WORK TO COMPLETE: Retype exactly the lines below, starting with the line that contains "Horizon Zero Dawn" and ending with the last line; leave out any pictures.

COLLECTED DATA:
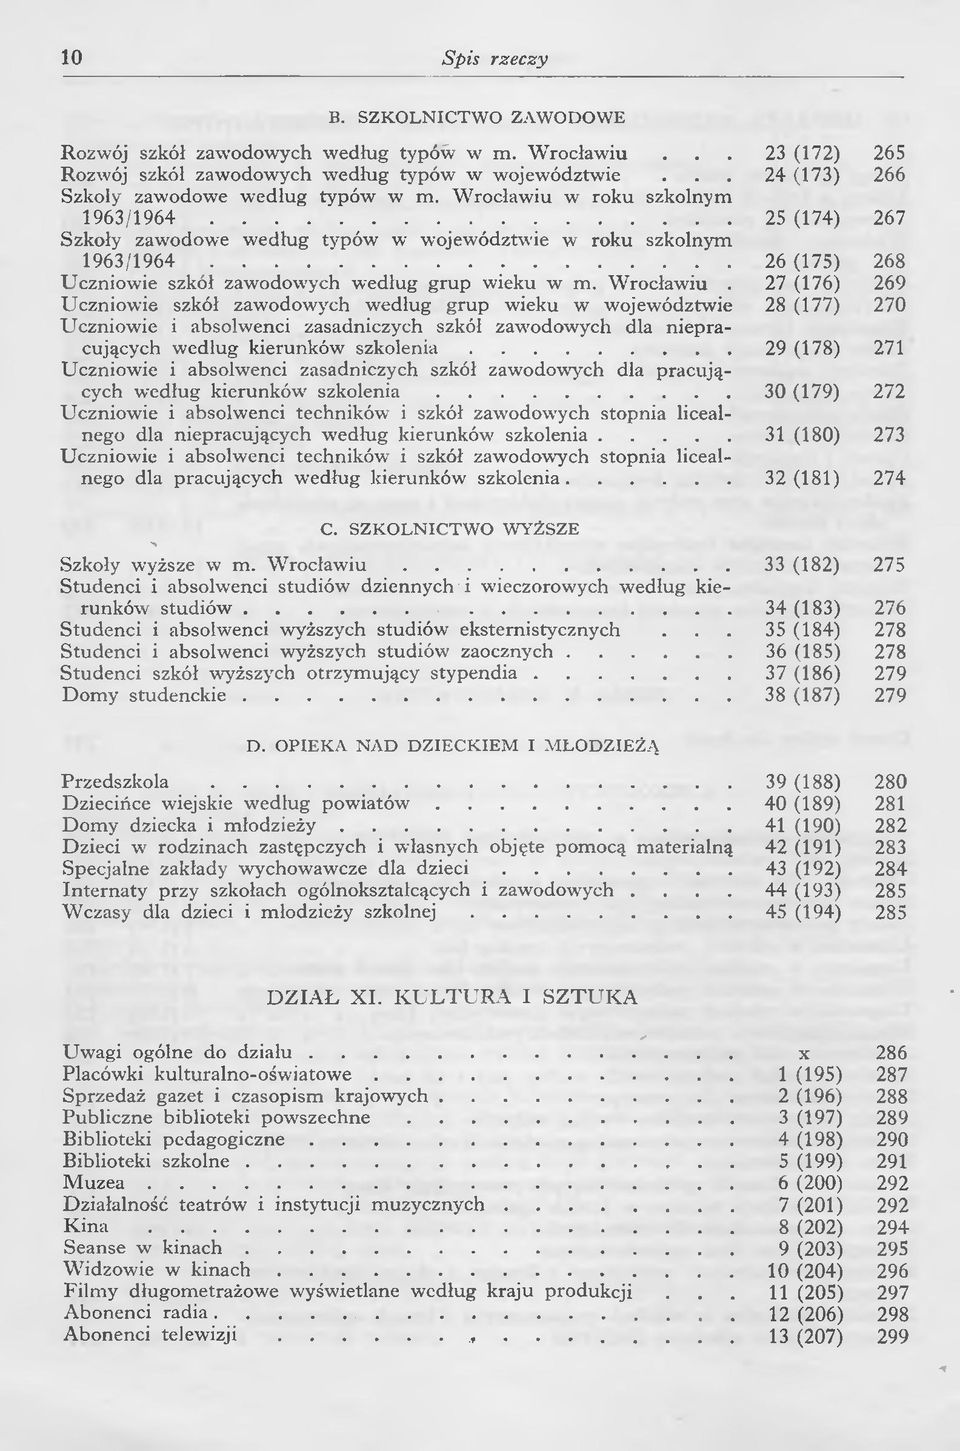 Wrocławiu w roku szkolnym 1963/1964 25 (174) 267 Szkoły zawodowe według typów w województwie w roku szkolnym 1963/1964 26 (175) 268 Uczniowie szkół zawodowych według grup wieku w m. Wrocławiu.
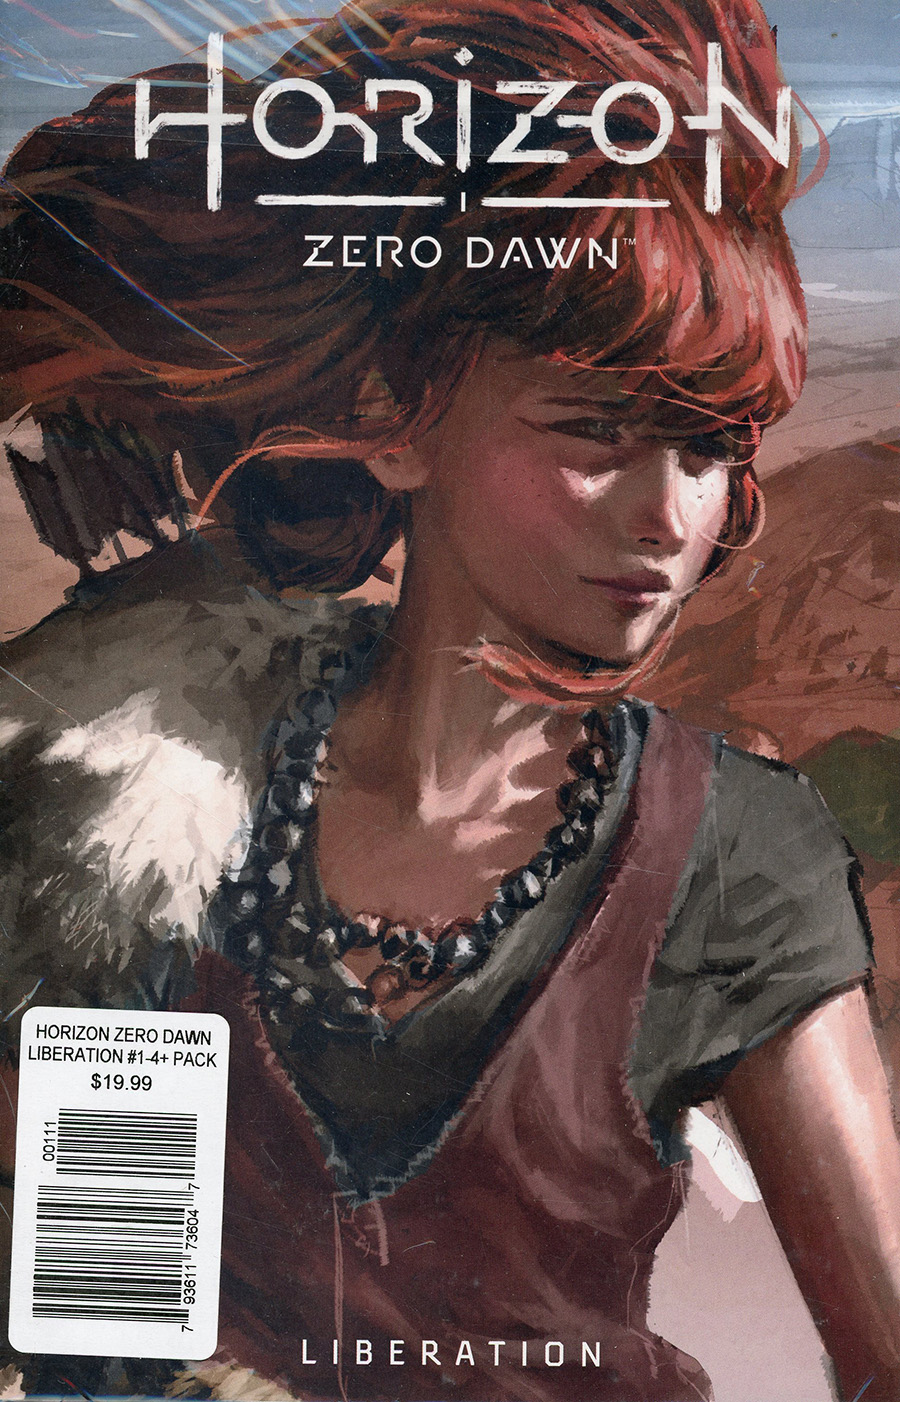 Horizon Zero Dawn Liberation #1-4 Game Art Pack
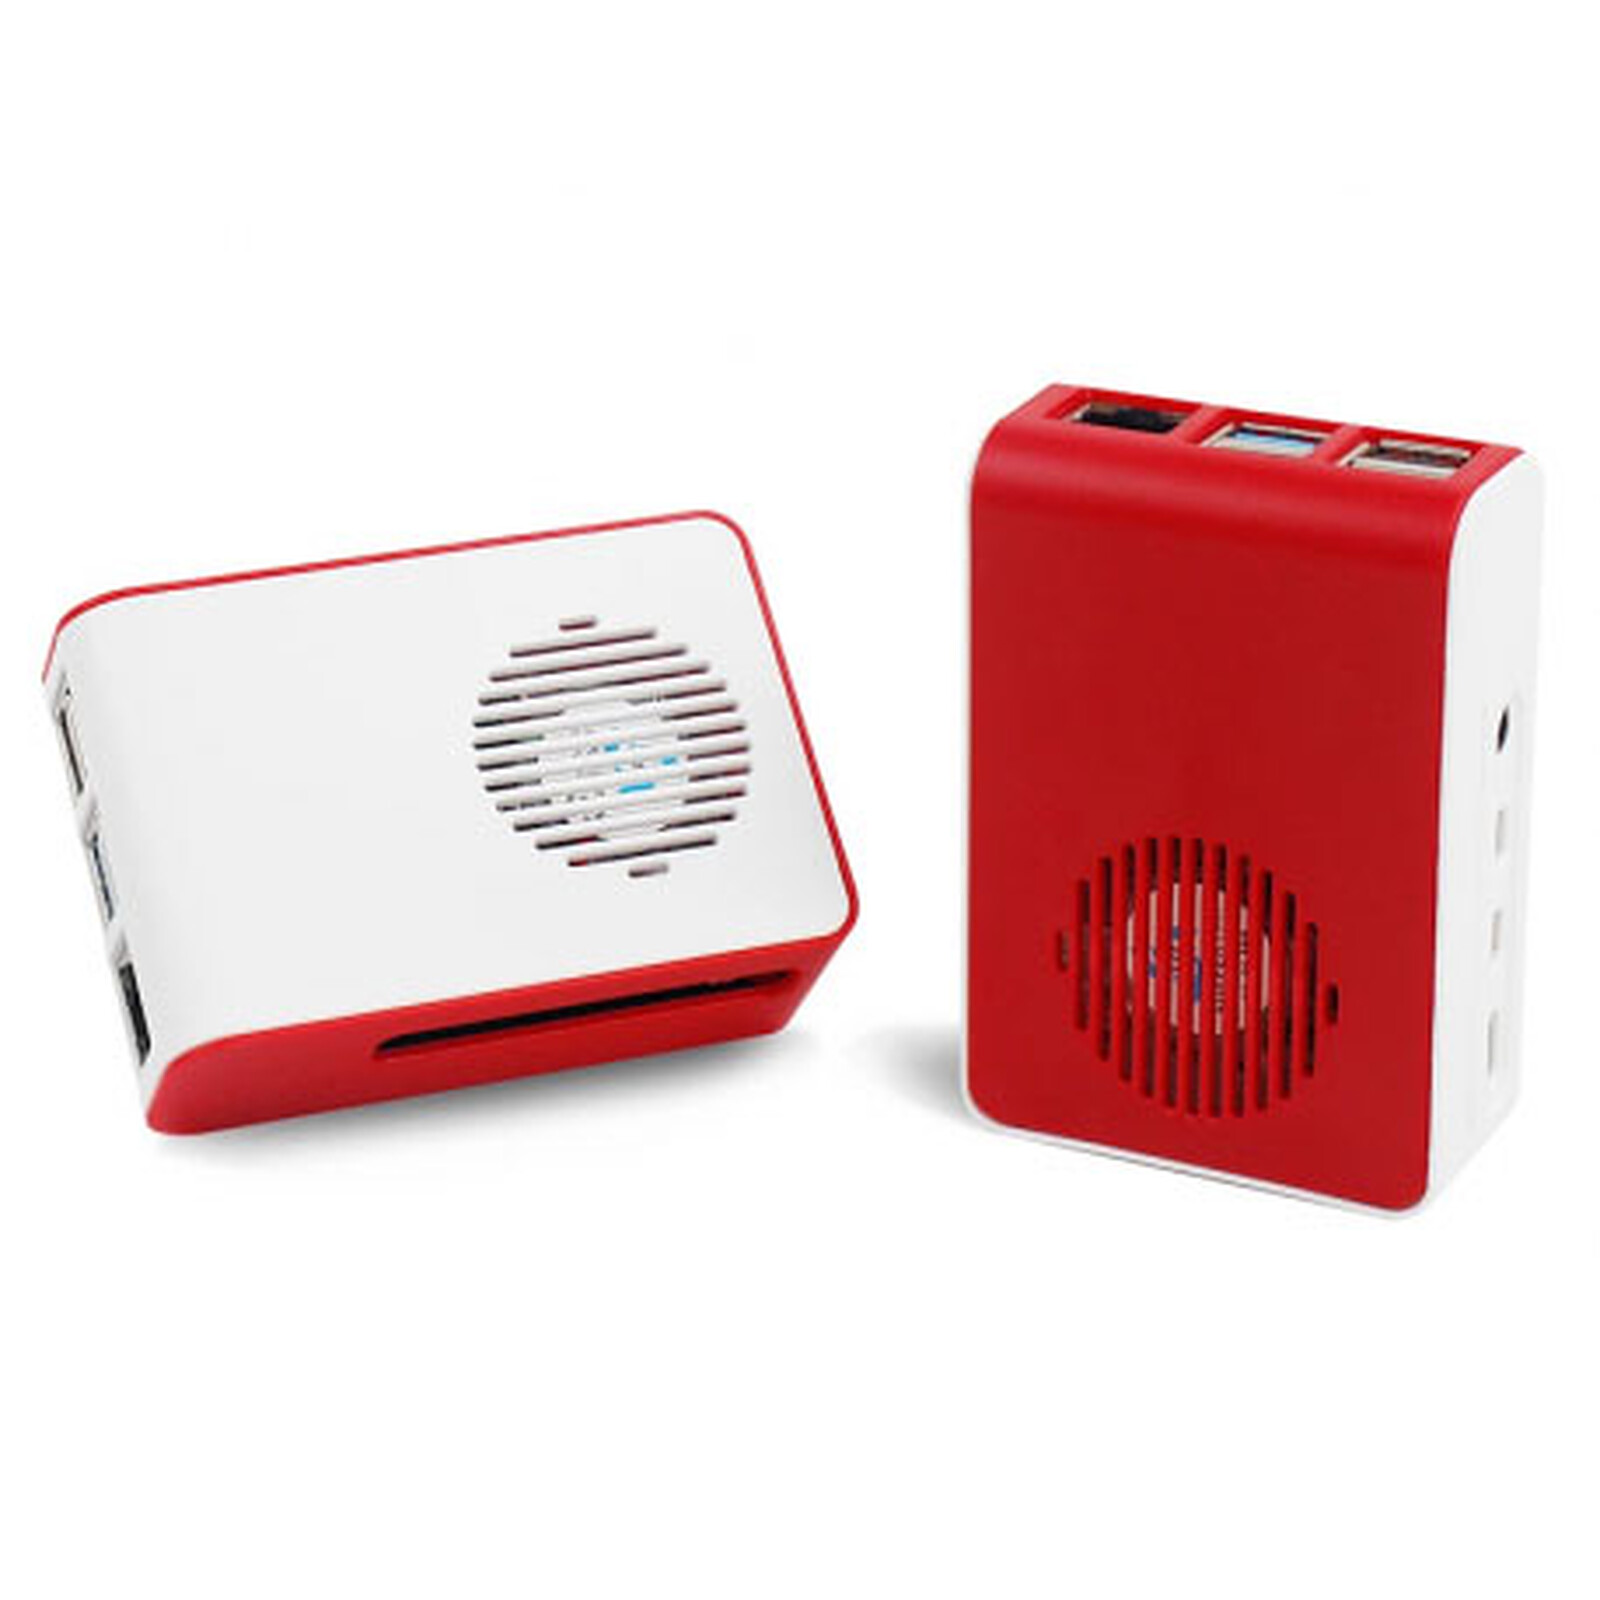 Boitier pour Raspberry Pi 4 Model B (Rouge/Blanc) avec ventilateur
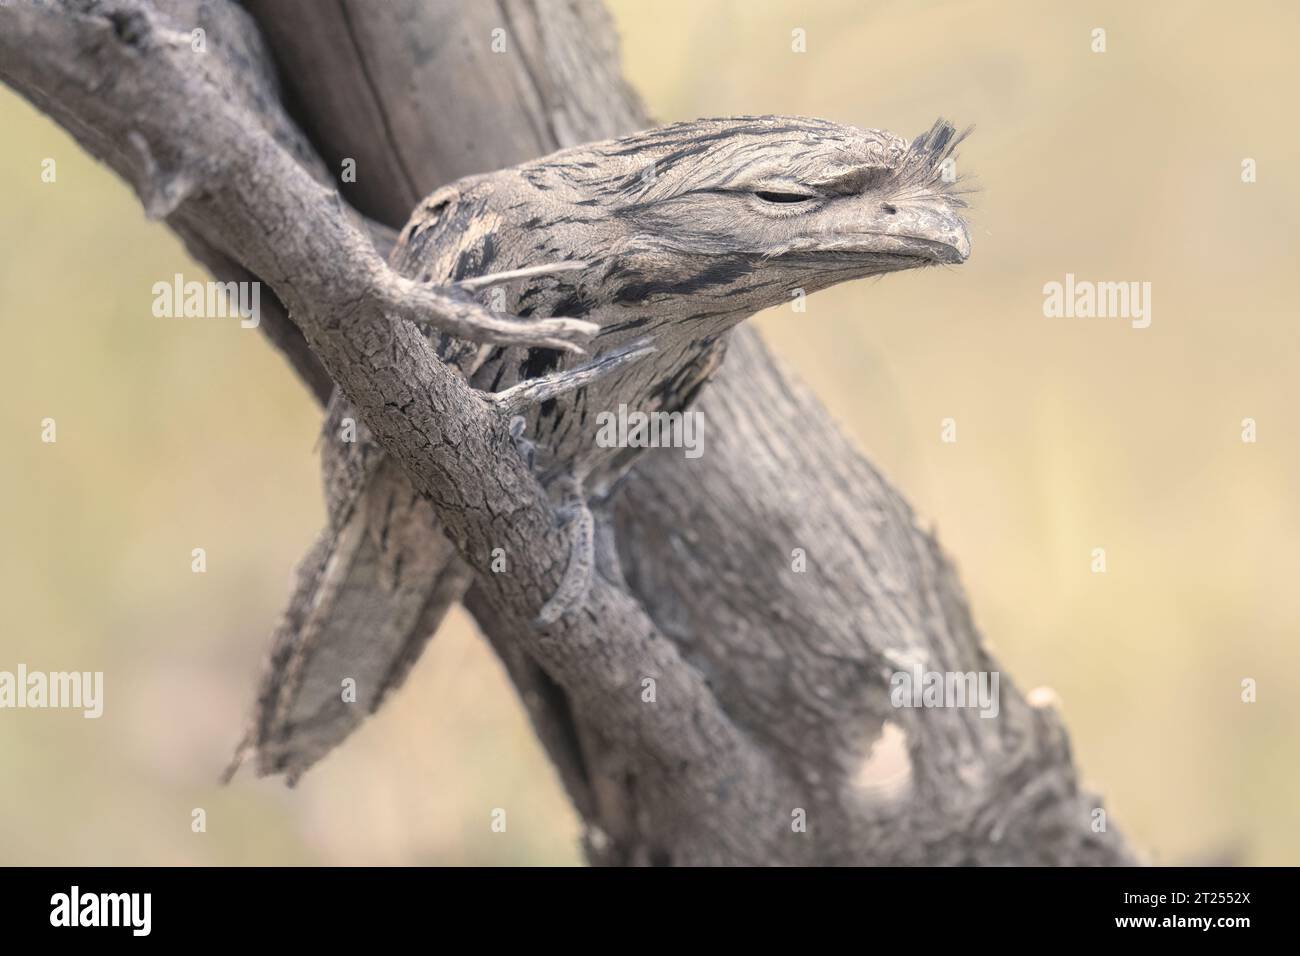 Gibier tawny (Podargus strigoides) perché sur une branche, Australie Banque D'Images

ANSWER:
 Horizon Zero Dawn Liberation #1-4 Game Art Pack
 Boitier pour Raspberry Pi 4 Model B (Rouge/Blanc) avec ventilateur
 Gibier tawny (Podargus strigoides) perché sur une branche, Australie Banque D'Images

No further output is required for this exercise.